= Bachelor of Ayurveda, Medicine and Surgery =

Ayurvedic medicine degree

Bachelor of Ayurvedic Medicine and Surgery (B.A.M.S.) is a professional degree focused on Ayurveda offered in India, Nepal, Bangladesh, and Sri Lanka.

Ayurveda is a type of alternative medicine, whose theory and practice are pseudoscientific.

==About==
A 2001 report from the World Health Organization noted that Ayurveda was widely practiced in India, Nepal, Bangladesh, and Sri Lanka, the four corresponding nations that offer the BAMS degree. Ayurveda was generally not integrated with the national health system of nations outside of the Indian subcontinent.

=== India ===
In India, the curriculum includes the study of Ayurveda and corresponding Ayurvedic subjects such as Rachana Sharira, Kriya Sharira, Dravyuaguna, Svasthavritta and Yoga, Roga Nidana and Vikriti Vijnana, Kāyachikitsā, Kaumara Bhritya, Prasuti Tantra, Shalya Tantra, Shalakya Tantra etc. along with human anatomy, physiology, pathology & diagnostic procedures, principles of medicine, pharmacology, toxicology, forensic medicine, E.N.T, gynecology & obstetrics, ophthalmology and principles of surgery from modern medicine. The syllabus also includes ancient and medieval classics, sometimes in the Sanskrit language. Institutions in India that offer the degree include the National Institute of Ayurveda and All India Institute of Ayurveda, Delhi.

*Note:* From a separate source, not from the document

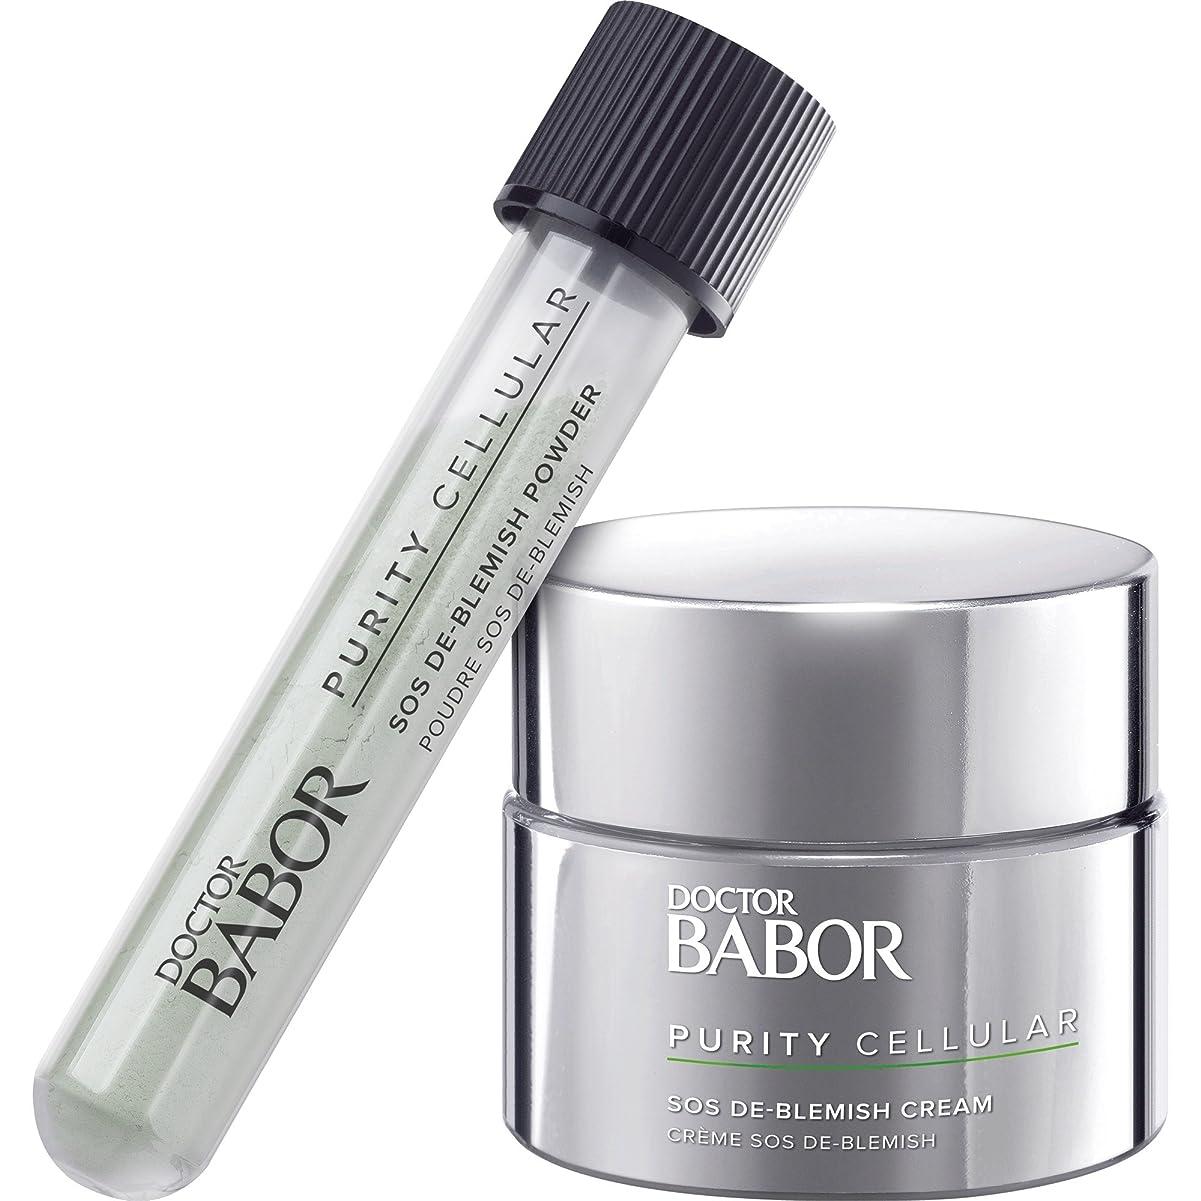 キッチン悲しいことにボイラーバボール Doctor Babor Purity Cellular SOS De-Blemish Kit: De-Blemish Cream 50ml/1.7oz + De-Blemish Powder 5g/0.16oz 2pcs並行輸入品

In India, a student can go on to earn a master's degree in the form of MD (Ayurveda) and MS (Ayurveda), a PhD, and clinical doctorate degrees in traditional and complementary medicine at the university level. There are also opportunities to perform research, work in hospital and healthcare administration, and in health supervision.

In a report from 2020, the World Health Organization stated there was "a history of combining allopathic and traditional medicine systems in India, including through medical education." The WHO described AYUSH and conventional medical systems as "separate and parallel at the levels of governance, organisation, education and service delivery." A nation-wide survey conducted by the researchers of the Banaras Hindu University in 2009, which included a total of 1022 students and teachers of Ayurveda, revealed that the graduates possessing a BAMS degree generally lack required exposure to essential clinical skills. In another paper derived from the same study, the authors have identified multiple global challenges being faced by the Ayurveda education sector.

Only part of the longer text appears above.